I wasn’t aware that an early edition of rust can reference crates for a later edition. It doesn’t seem that terrible to prohibit this (Probably some very good reason to counter this though!). Editions give us the privilege of not having to constantly update crates that don’t really need to be changed whenever a new rust version comes out. If I do end up making changes to my crate and updating my dependencies then I don’t see it as such a pain to update the Rust Edition of my crate if said dependencies also happen to use a later edition.

I do, however, see one downside to this though and experienced it first hand in c# .net standard where it was way better to use the earliest version possible of .net standard for your library to maximise compatibility with things that use it. No incentive to use a later standard and therefore there was stagnation. May not be applicable because you normally distribute compiled binaries but food for thought.

> It doesn’t seem that terrible to prohibit this (Probably some very good reason to counter this though!)

The simple reason is that the whole point of editions is that you absolutely do not have to worry about which one you choose. They are entirely localized to your crate, and code written in any edition can interact with code written in any other edition. With your suggestion, updating the edition used by a library crate would suddenly make it unusable for all code using an older edition.

Then what's the point of editions, if the crates are forward and backward compatible?
The point is that crates written against different editions are forwards and backwards compatible, but how the crate is written isn't.

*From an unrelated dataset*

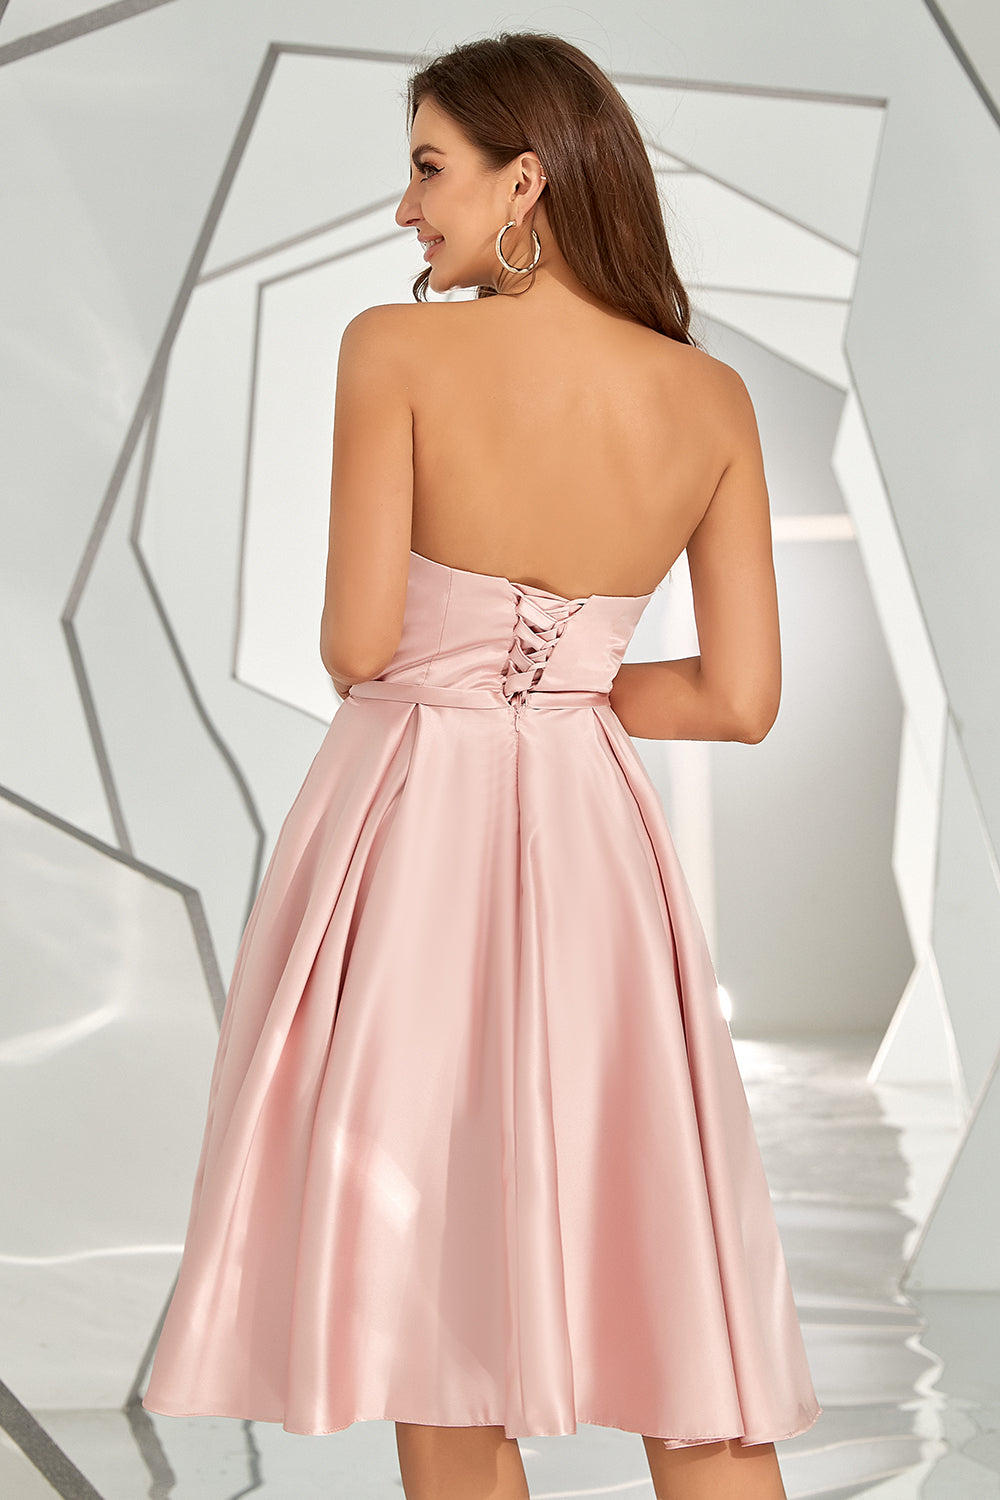 Blush Sweetheart A-Line Cocktail Dress

So Rust can make a "breaking" change in a new edition. This isn't actually breaking because you need to "opt-in" by updating to the new edition. This allows many "breaking" changes without actually breaking the ecosystem. Each crate can upgrade whenever they feel like it (possibly never) and they can make this decision independently of any other crates.

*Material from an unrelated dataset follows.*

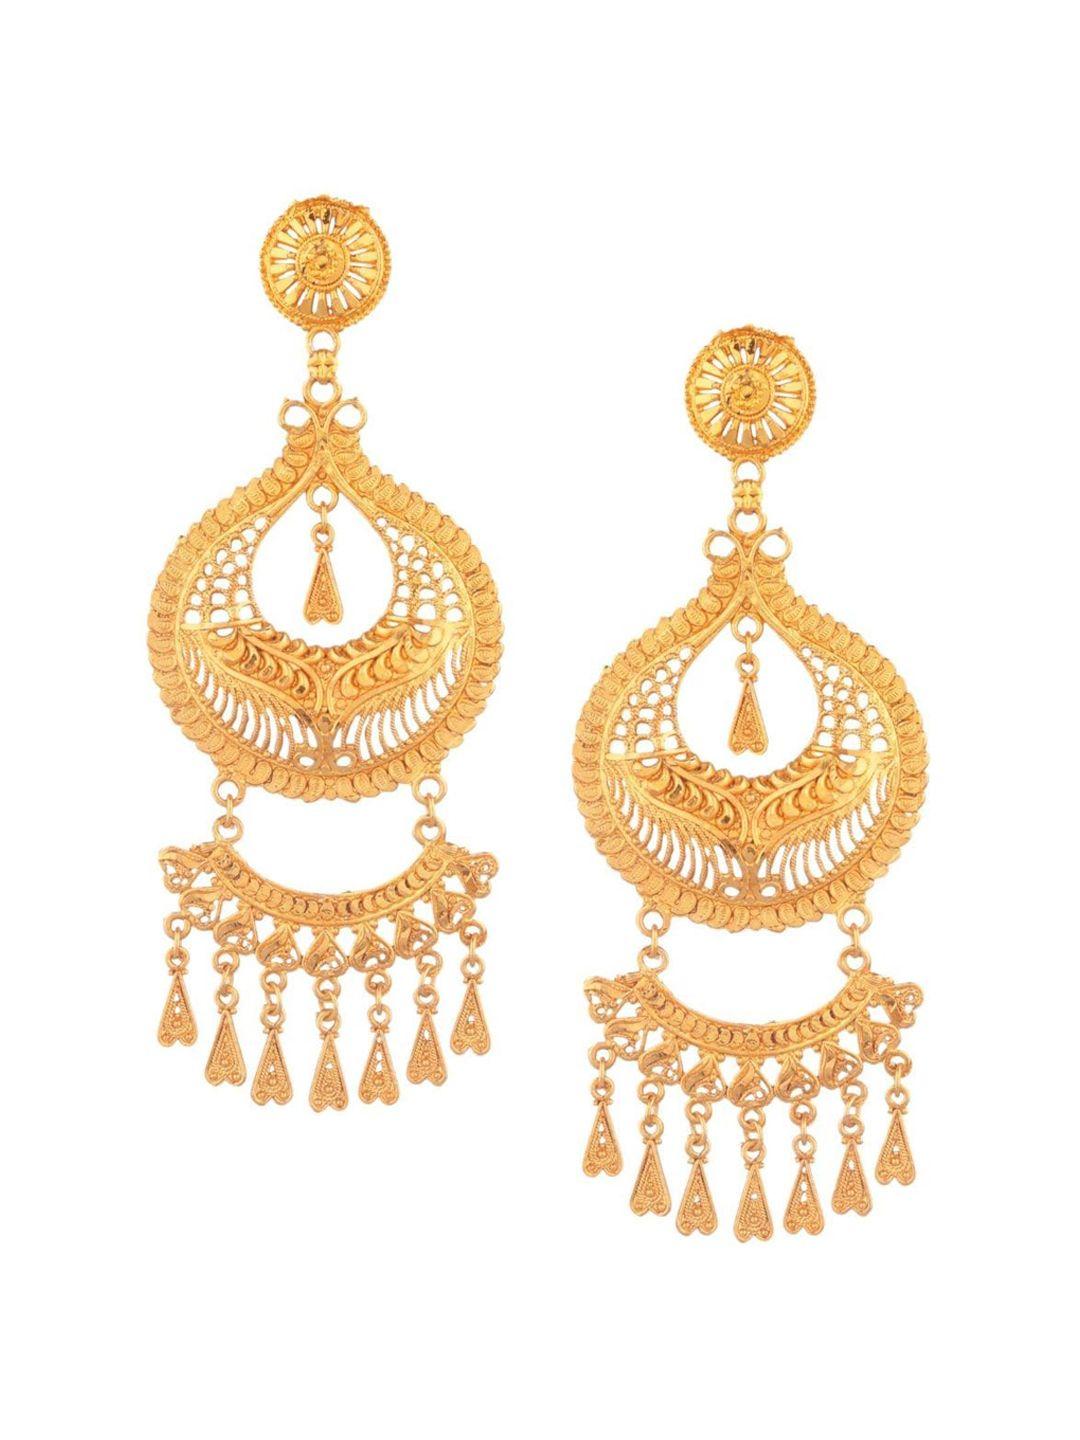 efulgenz gold-toned circular chandbalis earrings

For example look at the breaking changes introduced in the 2021 edition: https://doc.rust-lang.org/edition-guide/rust-2021/index.html. Each item on the left menu is a breaking change that was able to be shipped due to the edition system.

You are right that the edition system does create limits for what can be changed. However this is because doing so would have downsides. Notably if older editions couldn't depend on newer editions I may need to migrate my crate to a new edition in order to update a dependency to get a security fix. Edition updates are typically quite easy but it was still a conscious decision that they aren't ever required, unless you want to take advantage of the new features added in that edition.

Sounds like what Python 2 to 3 should have been.
where do you think they learned it from? python 3 (like python's package management mess) is wonderful for PL because it was a very public materclass in decisions that seem reasonable, but work really badly in practice.